I'm using awk to merge multiple (>3) files, and I want to keep the headers. I found a previous post that does exactly what I need, but I don't quite understand what's happening. I was hoping someone could walk me through it so I can learn from it! (I tried commenting on the original post but did not have enough reputation)
This code
awk '{a[FNR]=((a[FNR])?a[FNR]FS$2:$0)}END{for(i=1;i<=FNR;i++) print a[i]}' f*
transforms the input files as desired. See example tables below.
Input files:
file1.txt:
id value1
a 10
b 30
c 50
file2.txt:
id value2
a 90
b 30
c 20
file3.txt:
id value3
a 0
b 1
c 25
desired output
merge.txt:
id value1 value2 value3
a 10 90 0
b 30 30 1
c 50 20 25
Again, here's the code
awk '{a[FNR]=((a[FNR])?a[FNR]FS$2:$0)}END{for(i=1;i<=FNR;i++) print a[i]}' f* > merge.txt
I'm having trouble understanding the first part of the code {a[FNR]=((a[FNR])?a[FNR]FS$2:$0)}
, but understand the loop in the second part of the code.

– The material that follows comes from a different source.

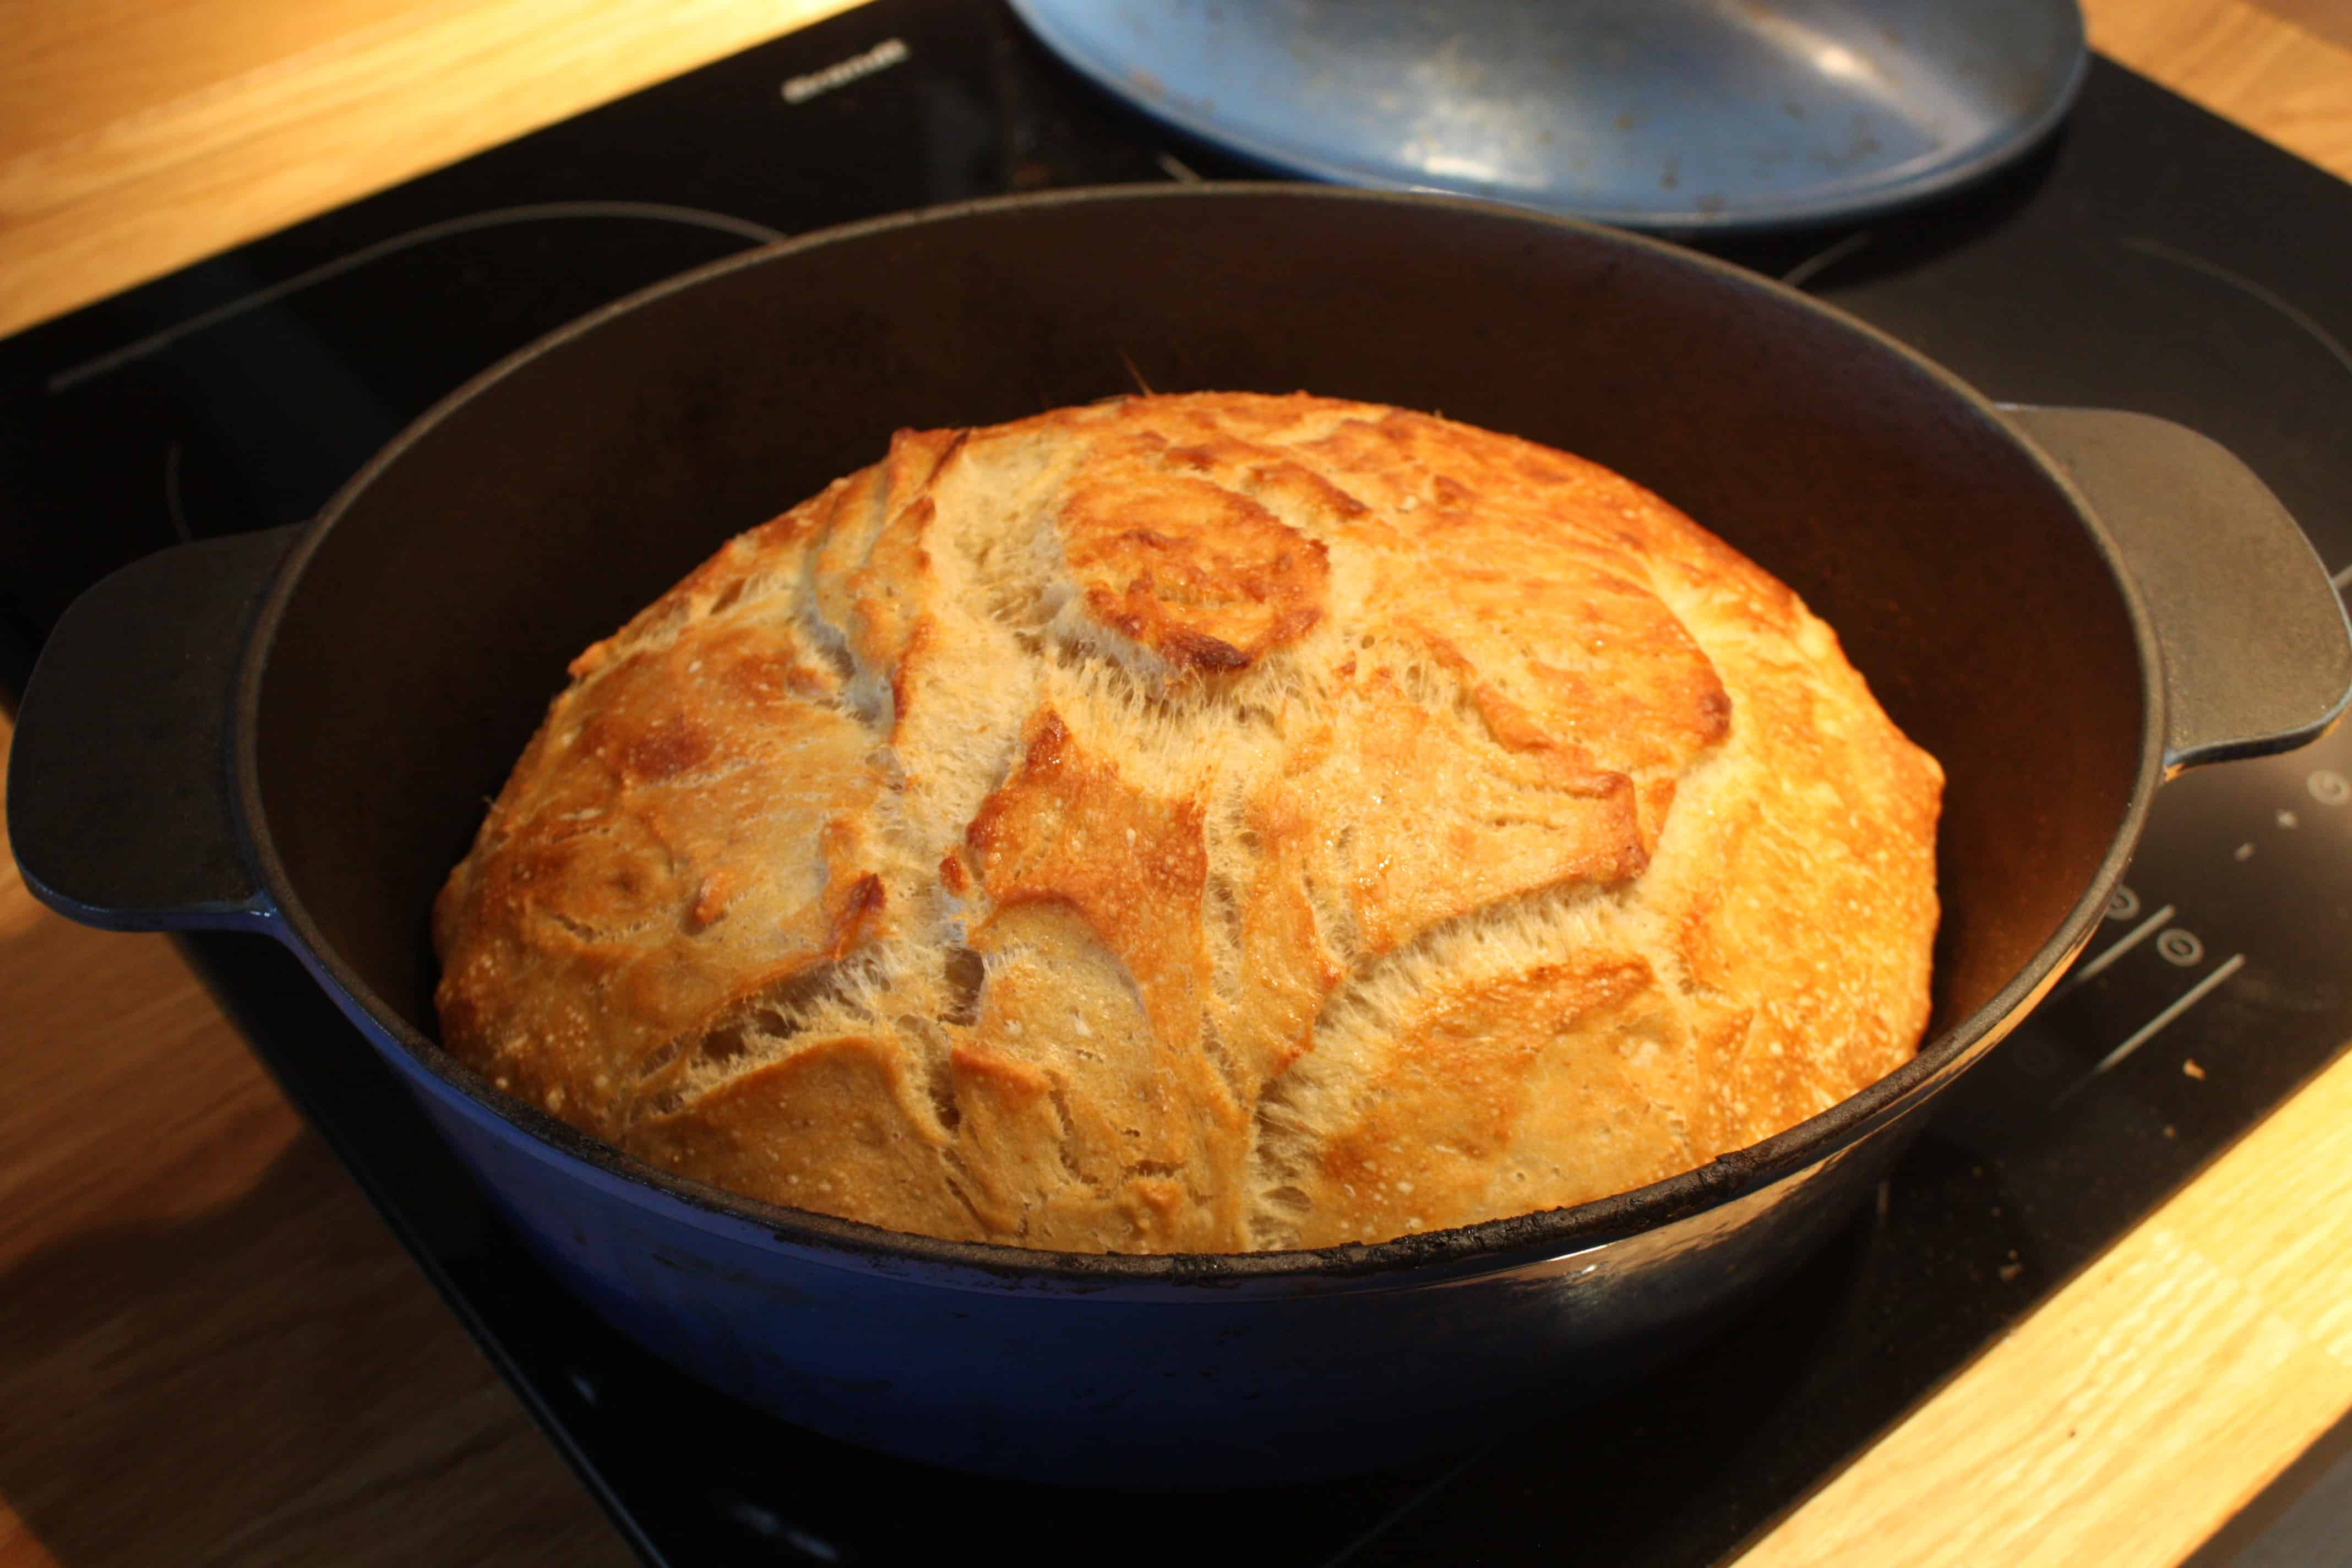 Semolinabrød- bagt som grydebrød

I think in the first part of the code, an array is being established. The code runs through and check for matching records on the first column id
, and if there's a match then append the second column ($2
) value
and print the entire record ($0
).
But...I don't understand the beginning syntax. When is it established that the first column id
is the same across all three files and to only add the second column?